▸ **Dataset content**:
━━━━

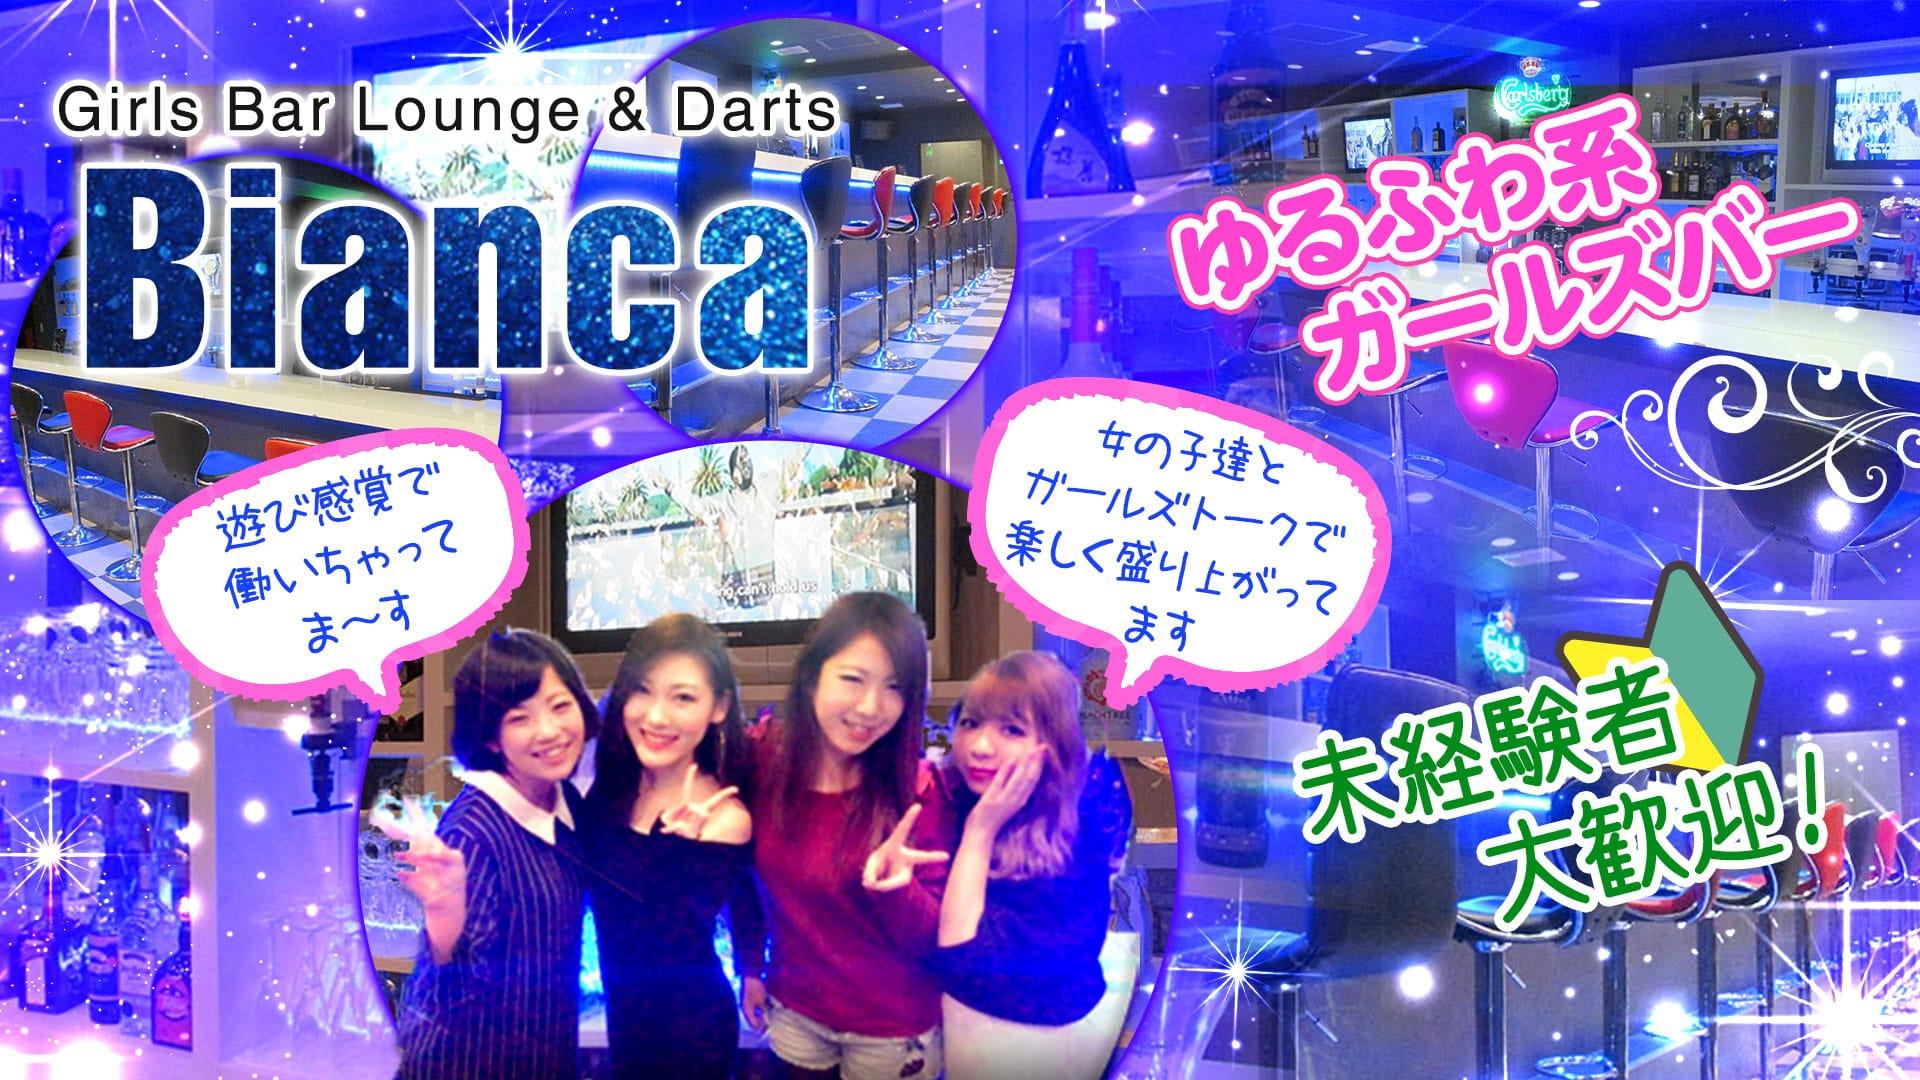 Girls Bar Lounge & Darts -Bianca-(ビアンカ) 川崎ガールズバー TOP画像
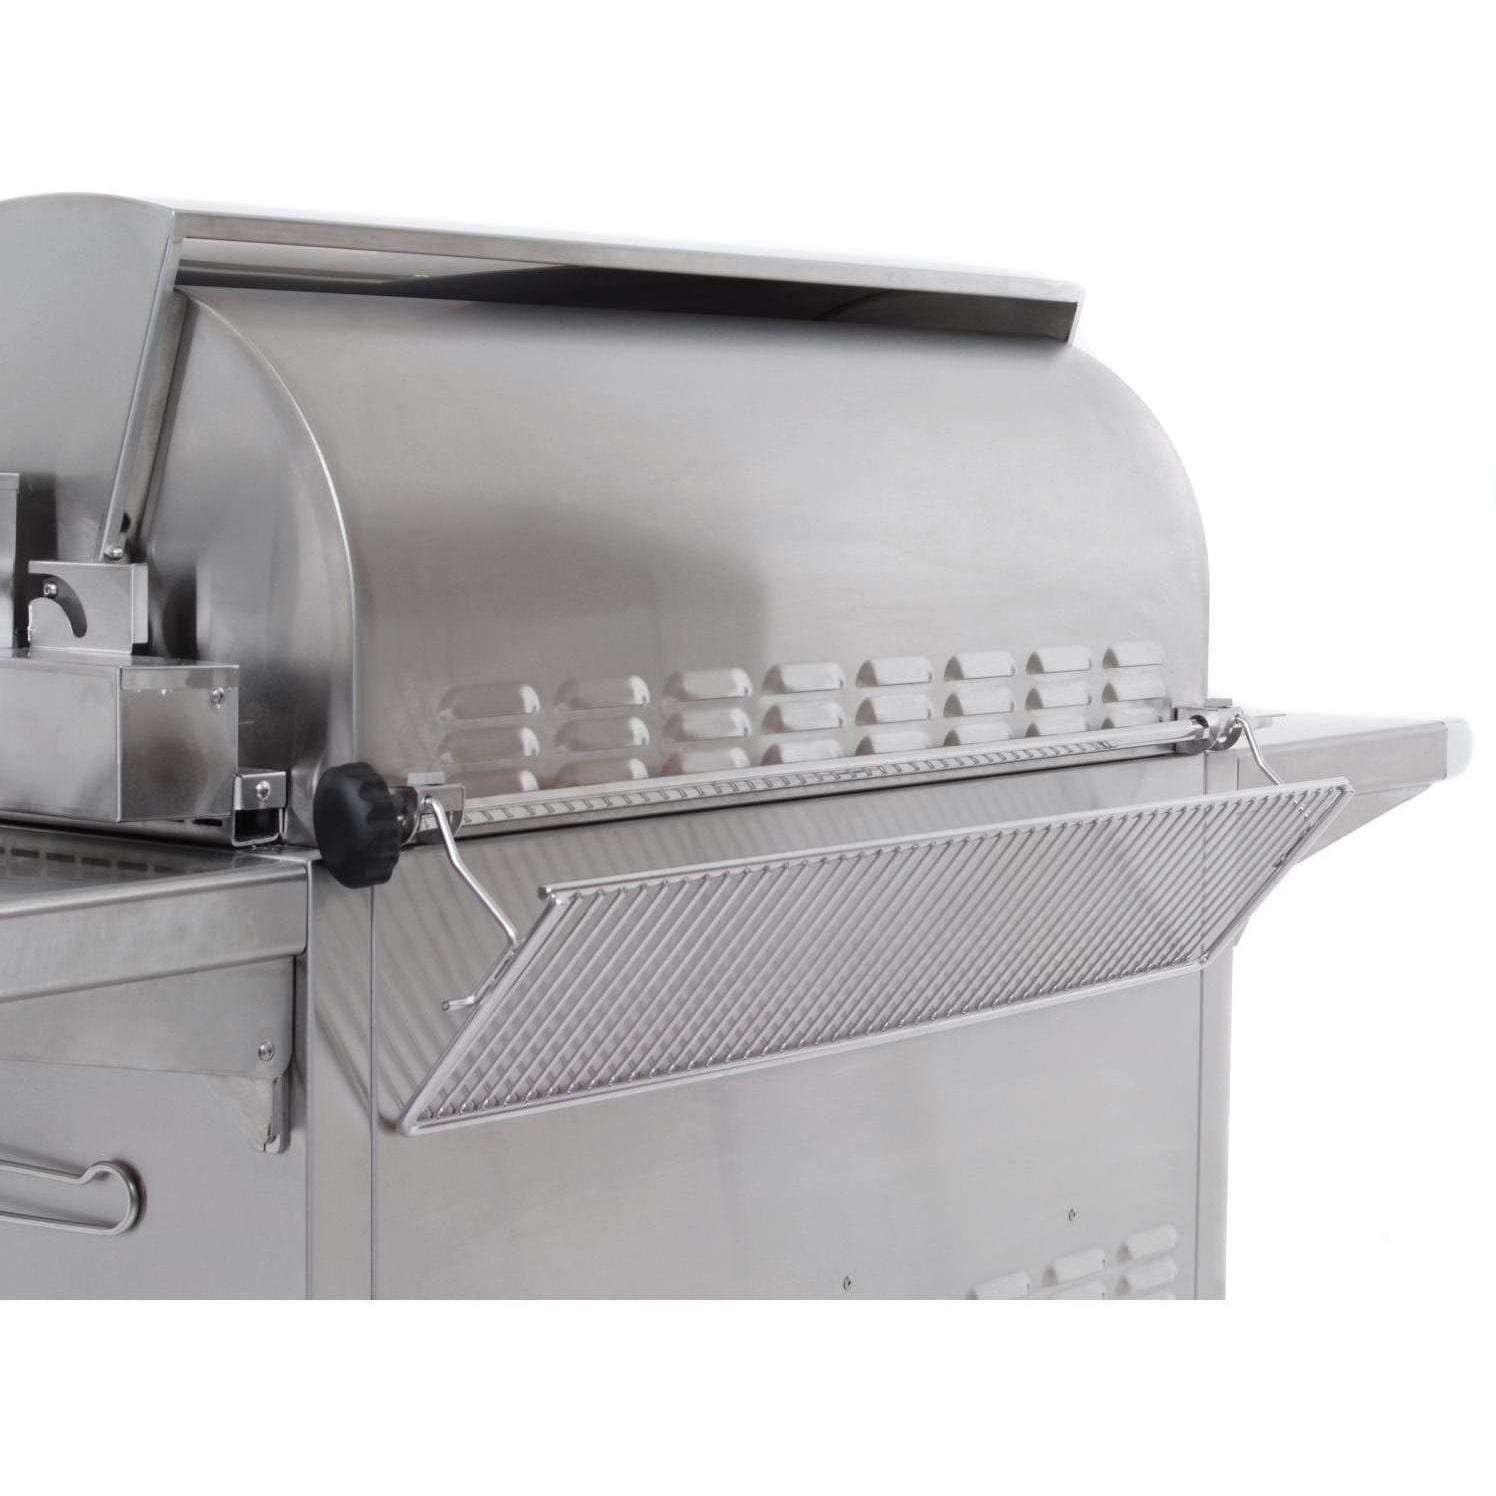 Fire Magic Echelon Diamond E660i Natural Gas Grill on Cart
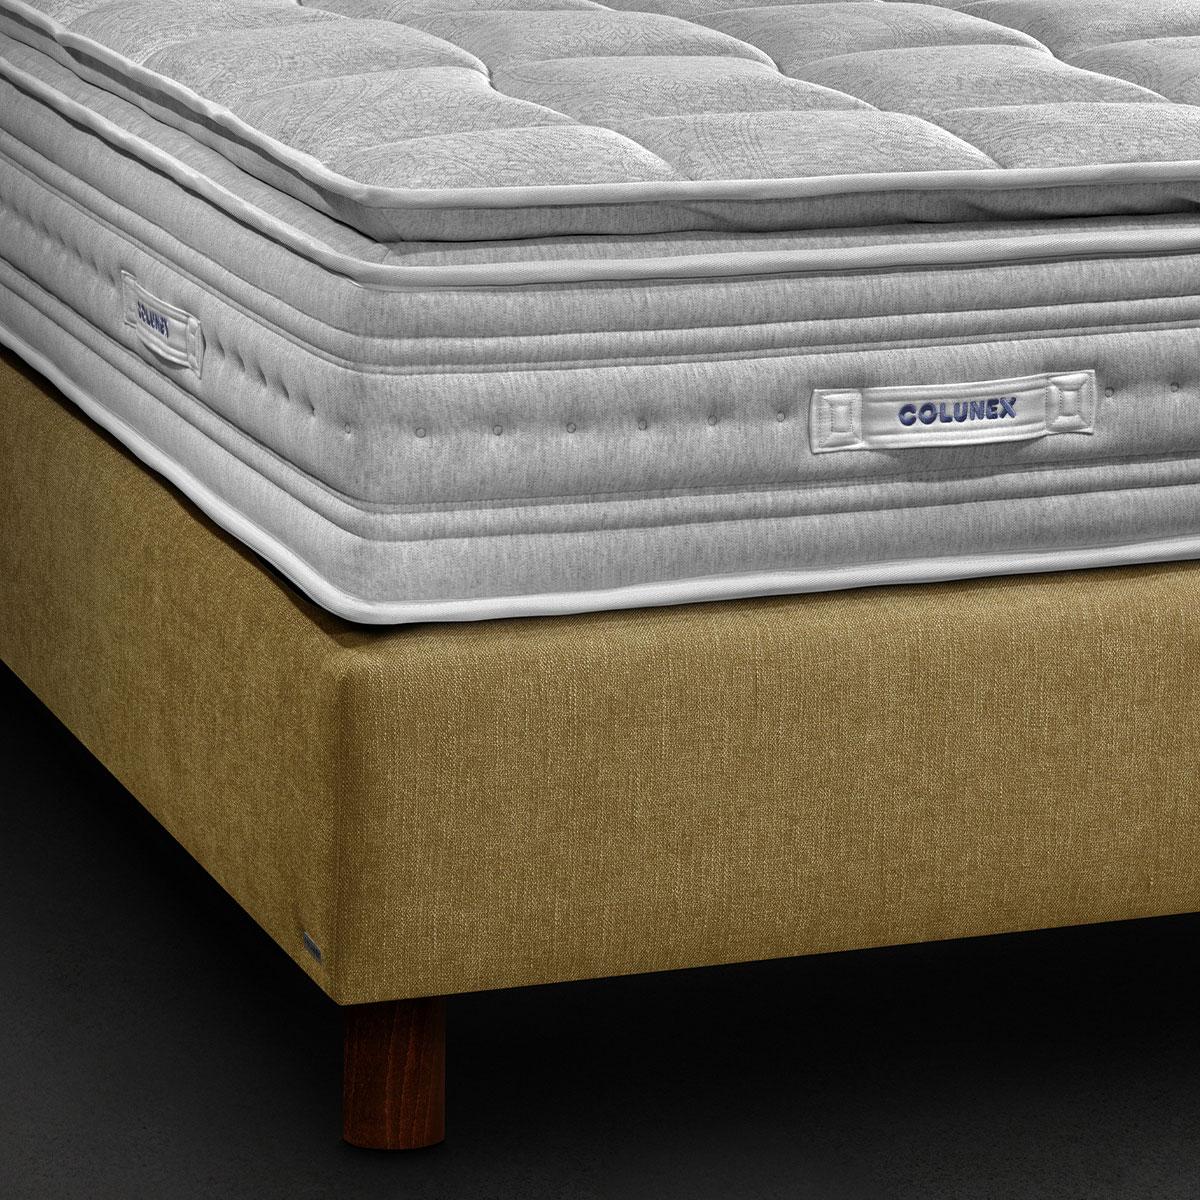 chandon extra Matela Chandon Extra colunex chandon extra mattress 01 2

━━━━

▸ **What is required**: Every line above should be repeated exactly; pictures stay out of the copy.

▸ **Solution**:
 Girls Bar Lounge & Darts -Bianca-(ビアンカ) 川崎ガールズバー TOP画像
 Fire Magic Echelon Diamond E660i Natural Gas Grill on Cart
 chandon extra Matela Chandon Extra colunex chandon extra mattress 01 2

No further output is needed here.